I have been trying to perform some OpenGL ES performance optimizations in an attempt to boost the number of triangles per second that I'm able to render in my iPhone application, but I've hit a brick wall. I've tried converting my OpenGL ES data types from fixed to floating point (per Apple's recommendation), interleaving my vertex buffer objects, and minimizing changes in drawing state, but none of these changes have made a difference in rendering speed.

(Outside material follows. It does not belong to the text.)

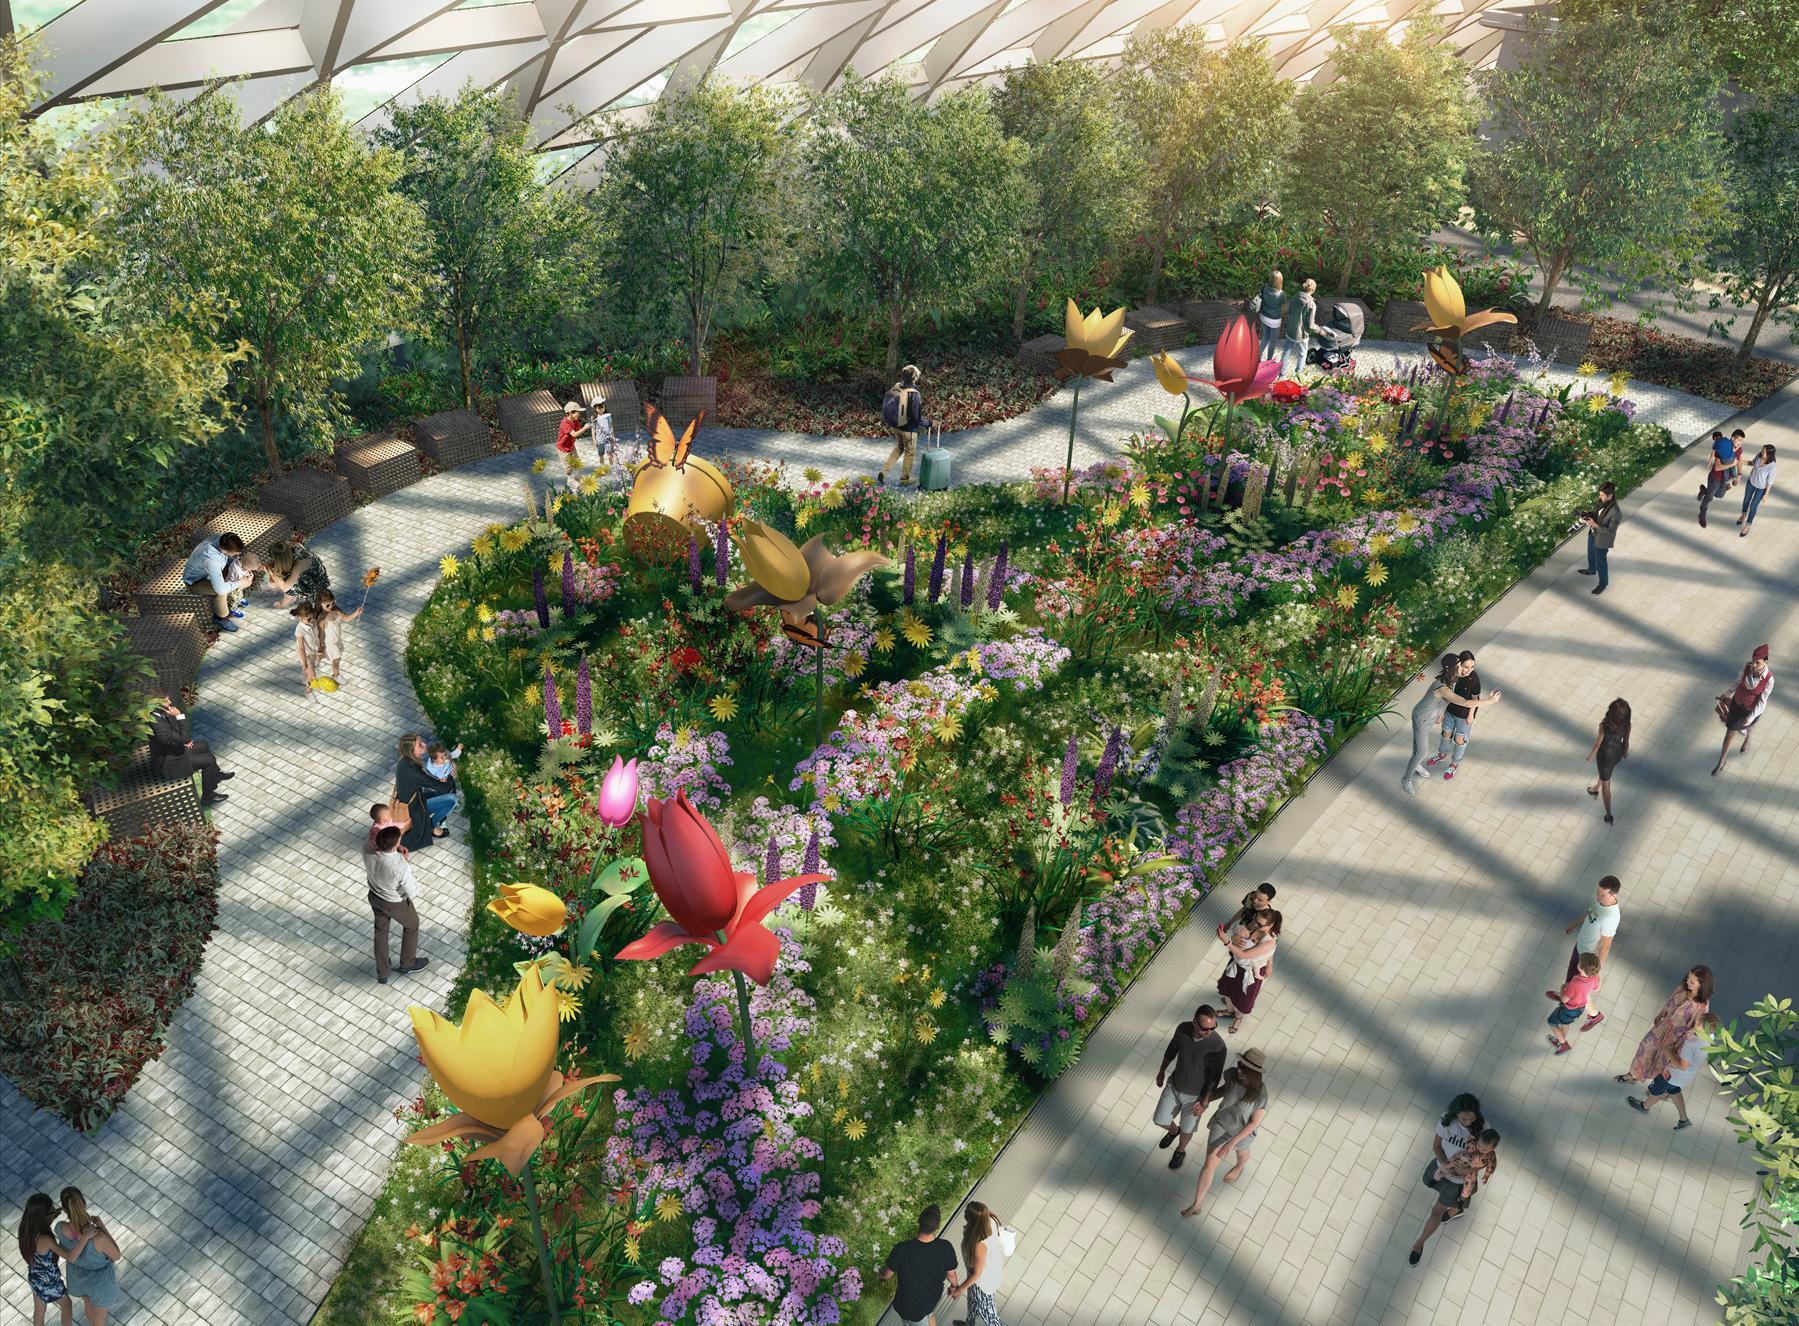 Sky Garden Walk: 5 Attractions To Explore At Jewel Changi Airport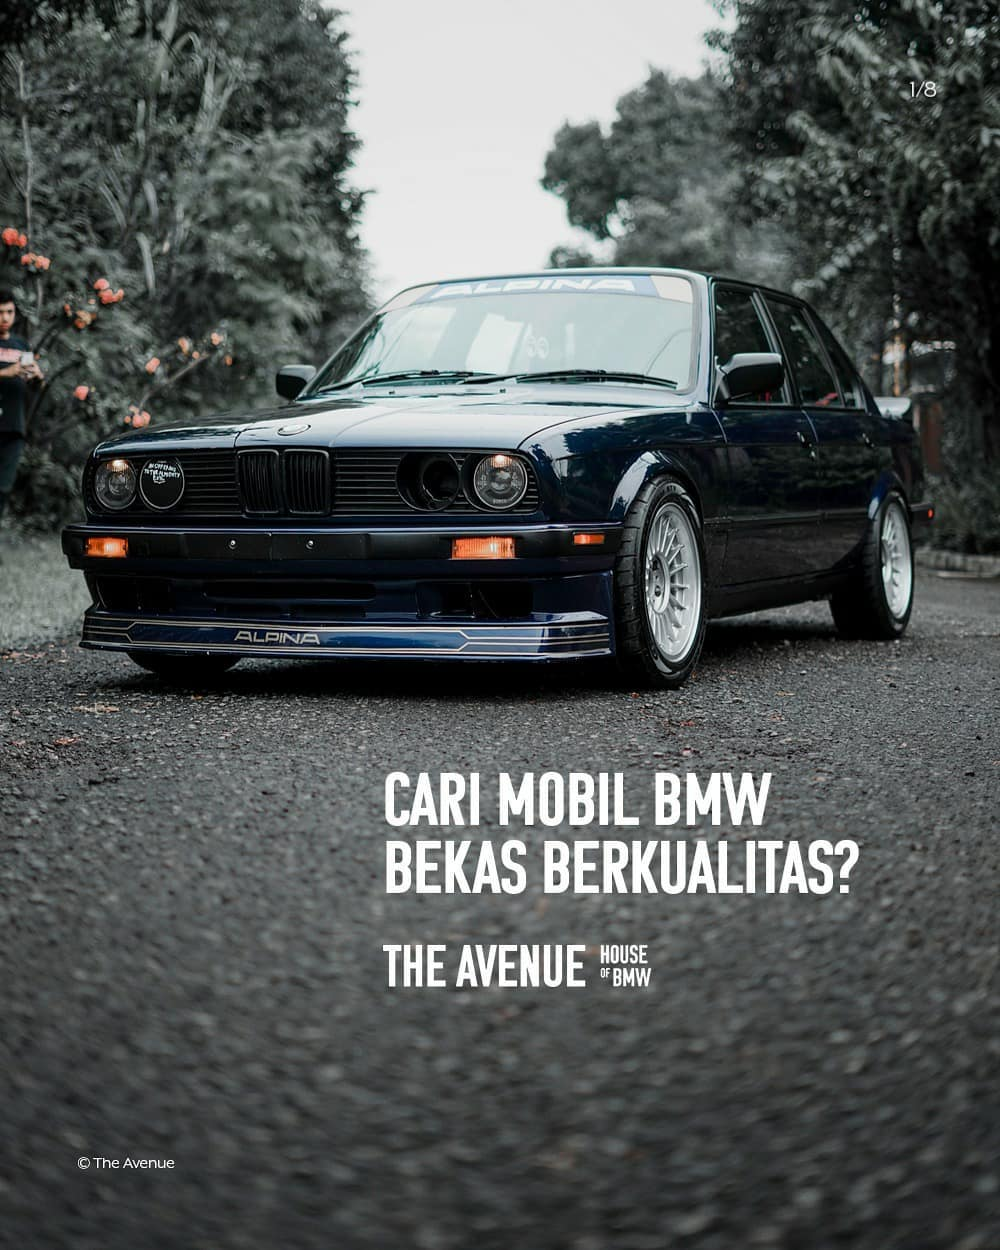 Bapak-bapak yang lagi nyari BMW second yang terawat, good looking serta berkualitas dapat cek ke l…

No matter what, I can't seem to push my application above 320,000 triangles / s on an iPhone 3G running the 3.0 OS. According to this benchmark, I should be able to hit 687,000 triangles/s on this hardware with the smooth shading I'm using.
In my testing, when I run the OpenGL ES performance tool in Instruments against the running device, I'm seeing the statistic "Tiler Utilization" reaching nearly 100% when rendering my benchmark, yet the "Renderer Utilization" is only getting to about 30%. This may be providing a clue as to what the bottleneck is in the display process, but I don't know what these values mean, and I've not found any documentation on them. Does someone have a good description of what this and the other statistics in the iPhone OpenGL ES instrument stand for? I know that the PowerVR MBX Lite in the iPhone 3G is a tile-based deferred renderer, but I'm not sure what the difference would be between the Renderer and Tiler in that architecture.
If it helps in any way, the (BSD-licensed) source code to this application is available if you want to download and test it yourself. In the current configuration, it starts a little benchmark every time you load a new molecular structure and outputs the triangles / s to the console.